Part 1 is here. An introduction and guide to my series of posts "Corpora and the Second Amendment" is available here. The corpus data that is discussed can be downloaded here. That link will take you to a shared folder in Dropbox. Important: Use the "Download" button at the top right of the screen.

Update:  Concordance-line references have been changed to reflect revisions to the spreadsheet from which the lines were copied, as have figures for the total number of concordance lines and for the various subtotals that are given.

New URL for COFEA and COEME: https://lawcorpus.byu.edu.

In this post and the next one, I will discuss the corpus data for bear arms.

This post will focus on the data that I think is consistent (or at least arguably consistent) with the Supreme Court’s interpretation of bear arms in District of Columbia v. Heller, and the next one will deal with the data that I think is inconsistent with the Heller interpretation.
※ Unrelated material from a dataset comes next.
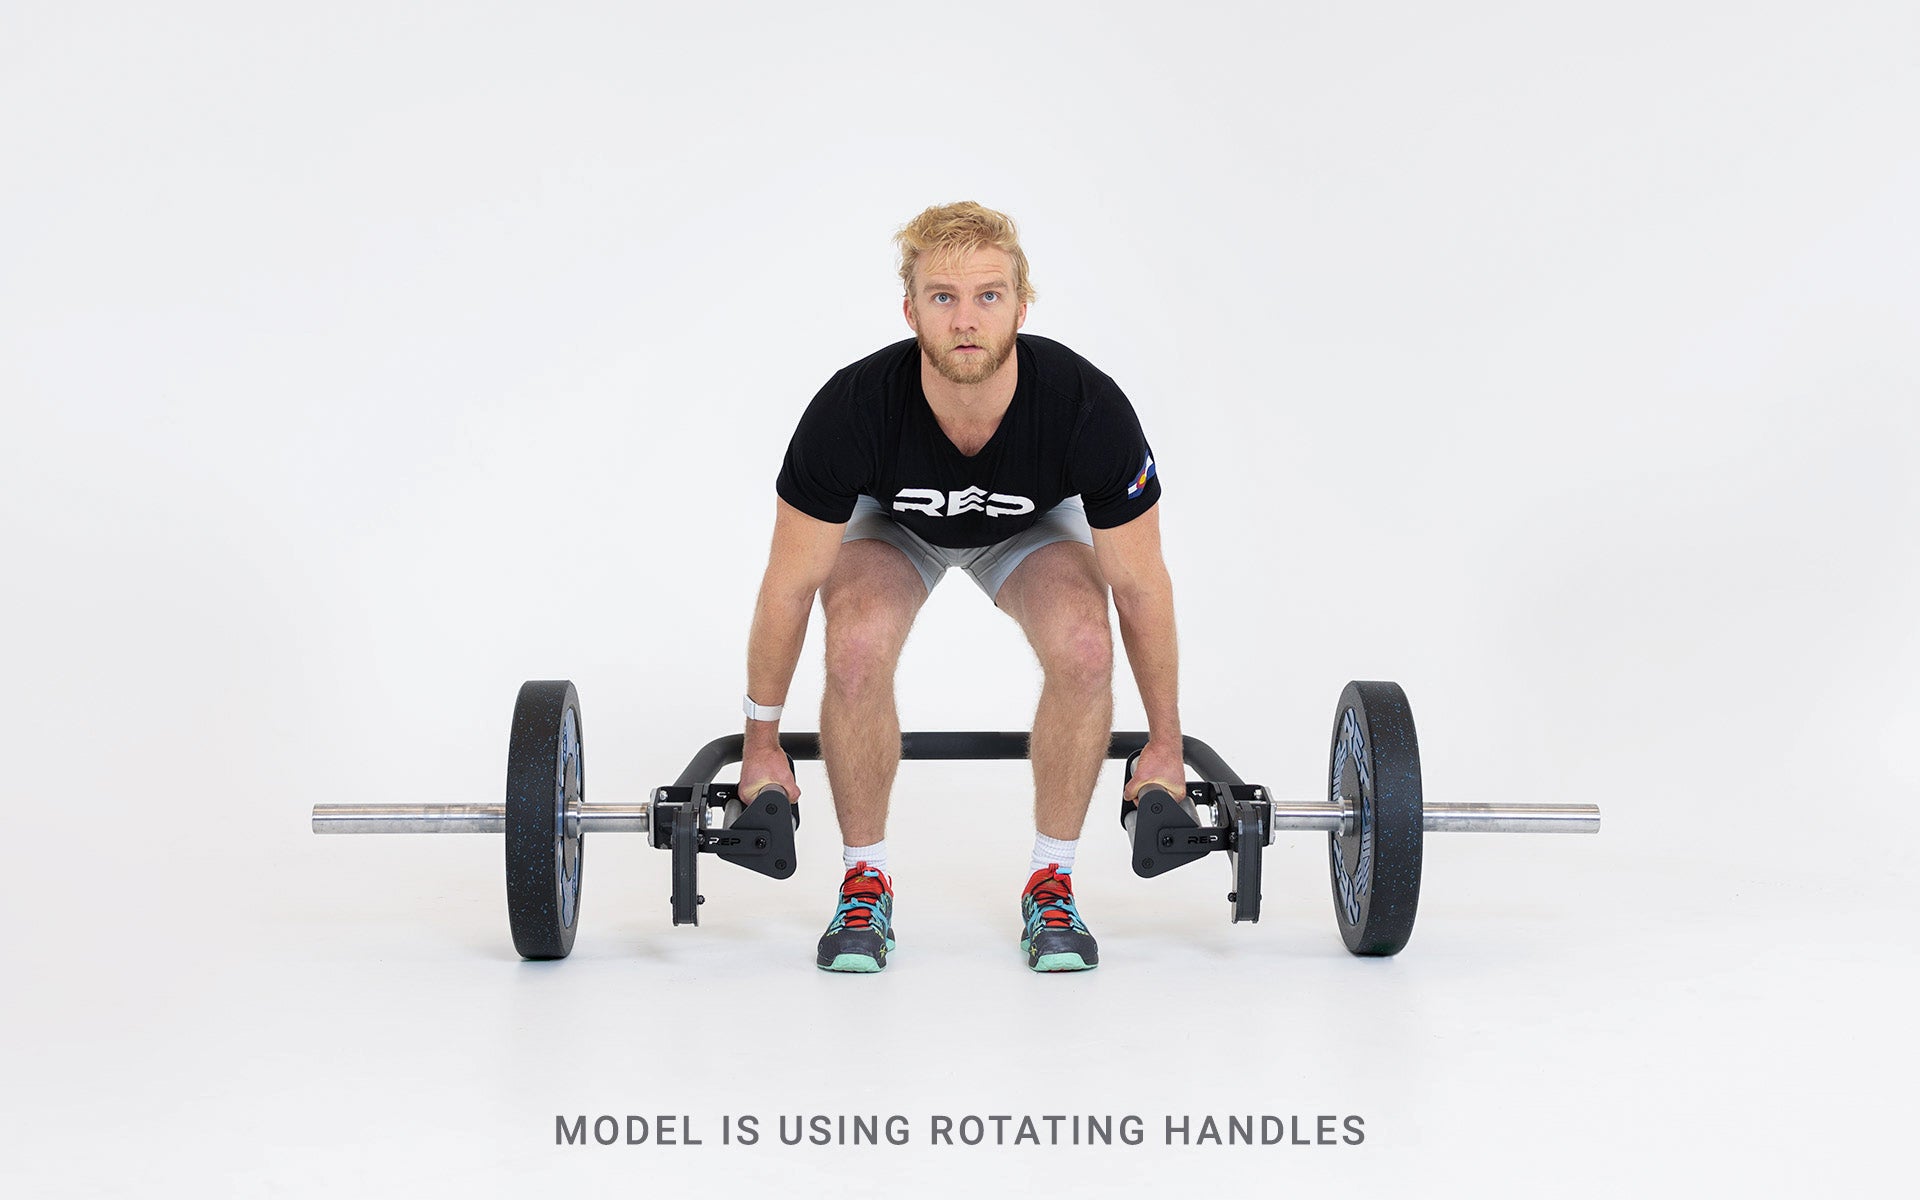 Lifter set up for a deadlift using the open trap bar with rotating handles.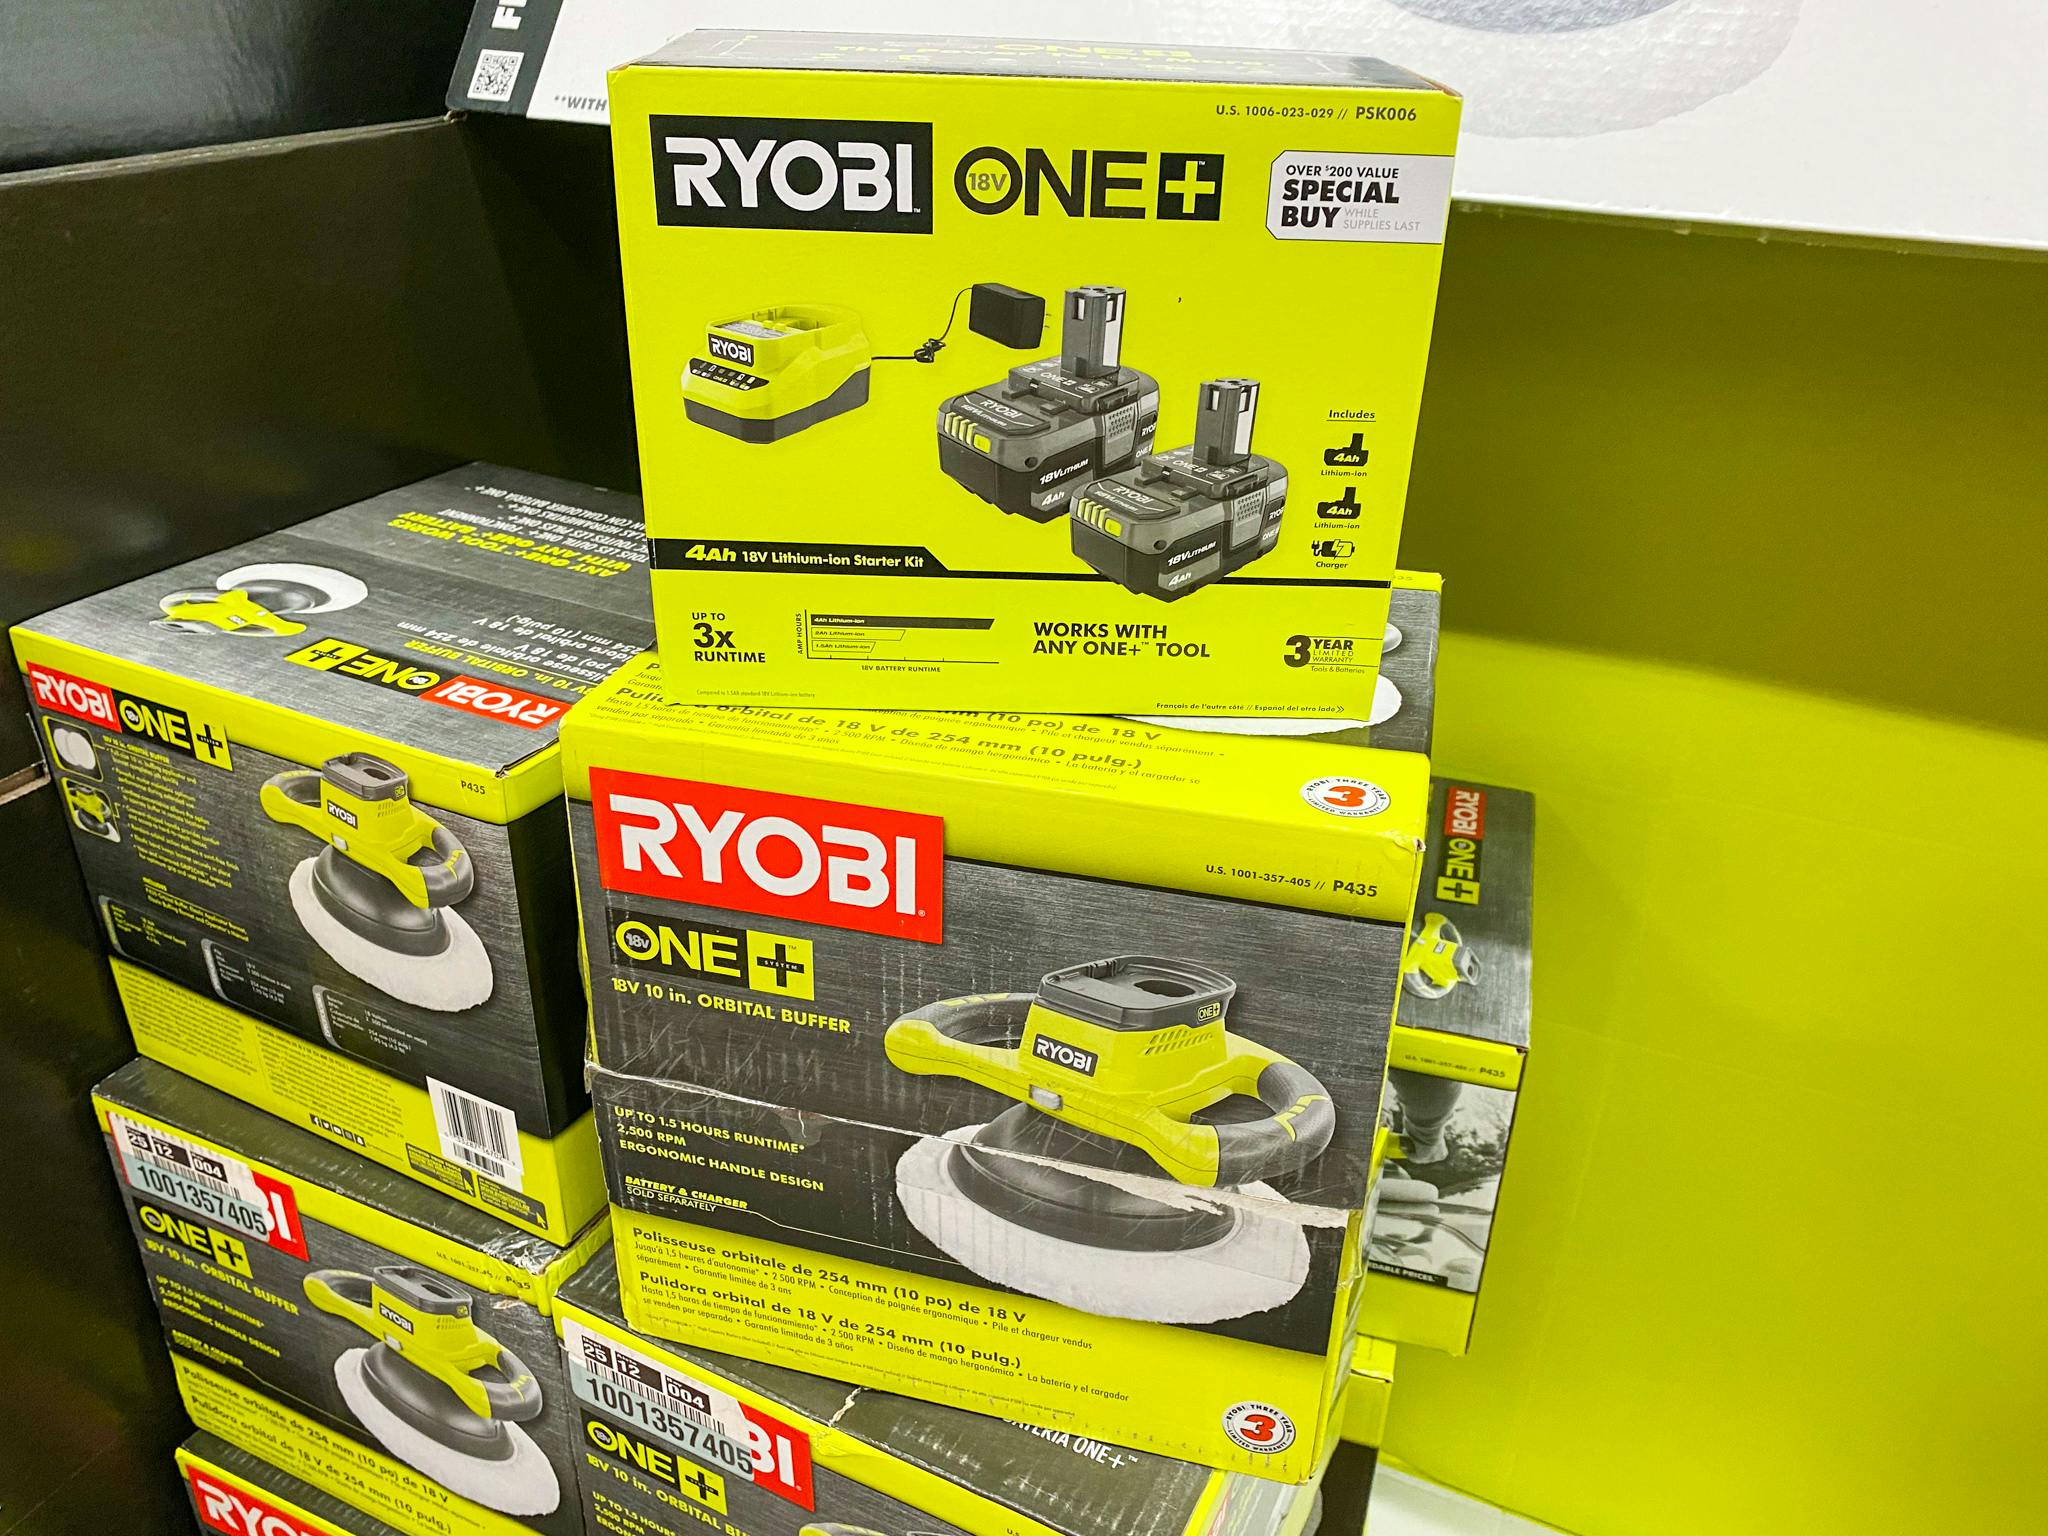 Free Tool With Ryobi Purchase At Home Depot The Krazy Coupon Lady

As I discussed in my last post, the court in Heller held that the “natural meaning” of bear arms in the late 18th century (i.e., its “ordinary meaning” (i.e., what it ordinarily meant)) was “wear, bear, or carry upon the person or in the clothing or in a pocket, for the purpose of being armed and ready for offensive or defensive action in a case of conflict with another person.” As I read the data, very little of it is consistent with that interpretation.